THE TASK:
The copy should begin at the line containing "BMW Vision Neue" and end with the last line below, every line exact and no picture included.

SUPPLIED INFORMATION:

______________________________

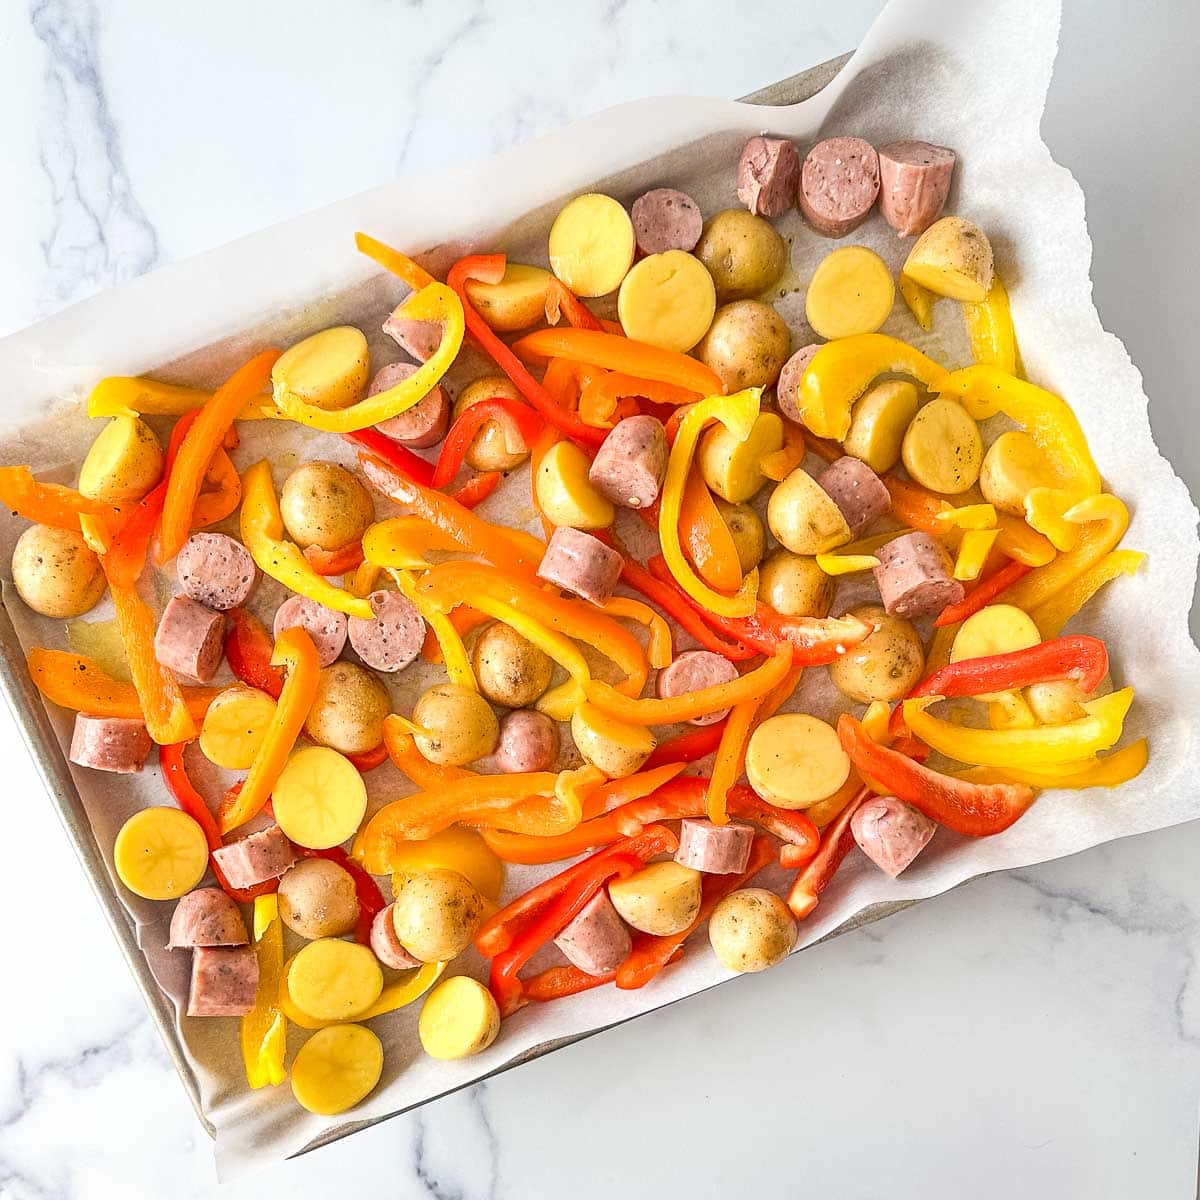 A baking sheet filled with peppers, potatoes, and sliced chicken sausages.
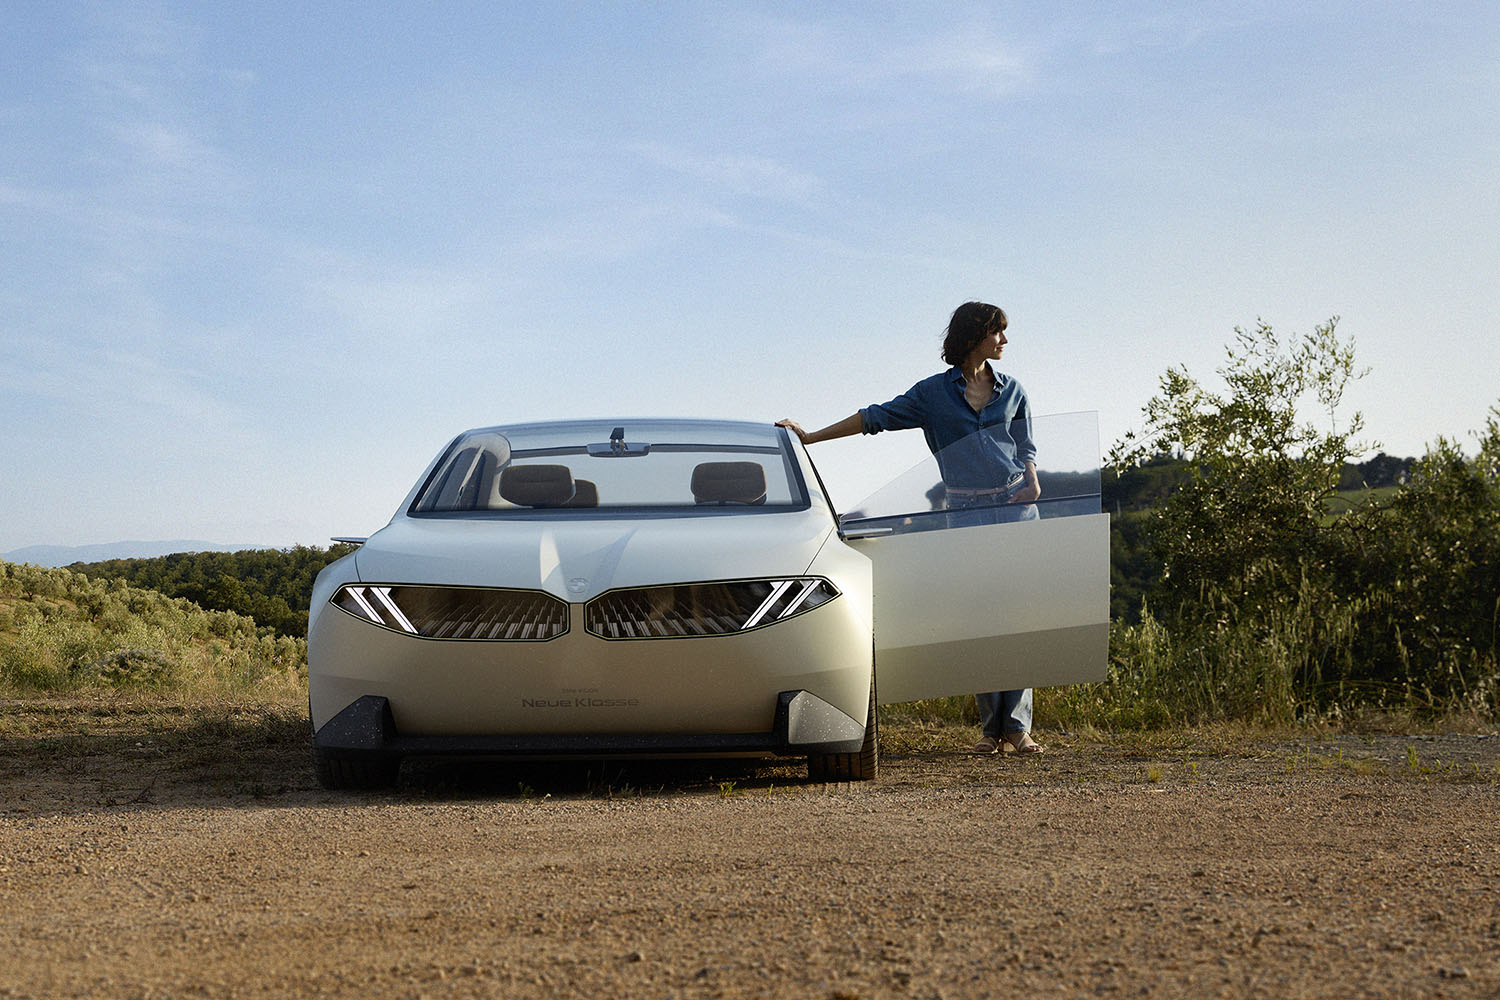 BMW Vision Neue Klasse in Joyous Bright off-white, front view, with woman standing in the opening of the left-front door
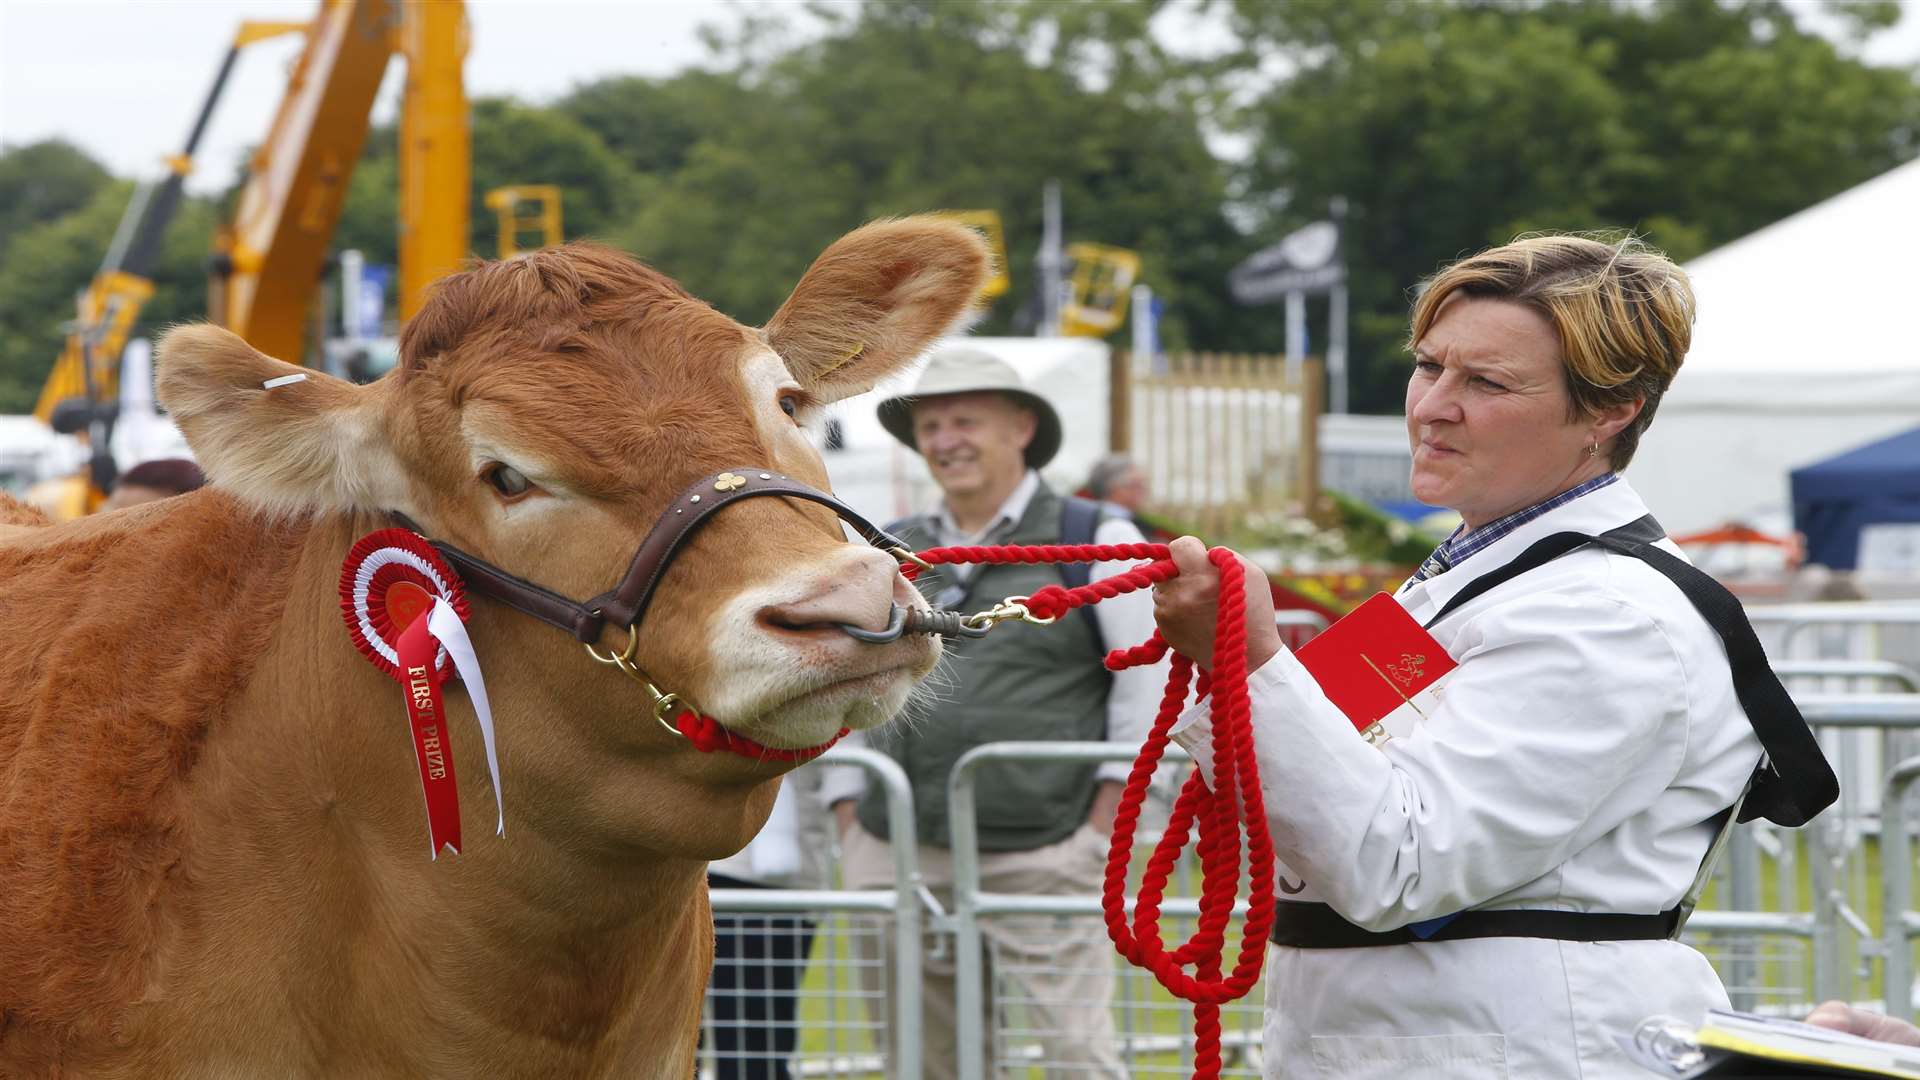 The Kent County Show is an annual showcase for livestock Picture: Andy Jones

______________________________

RESULT OF THIS TASK:
 BMW Vision Neue Klasse in Joyous Bright off-white, front view, with woman standing in the opening of the left-front door
 The Kent County Show is an annual showcase for livestock Picture: Andy Jones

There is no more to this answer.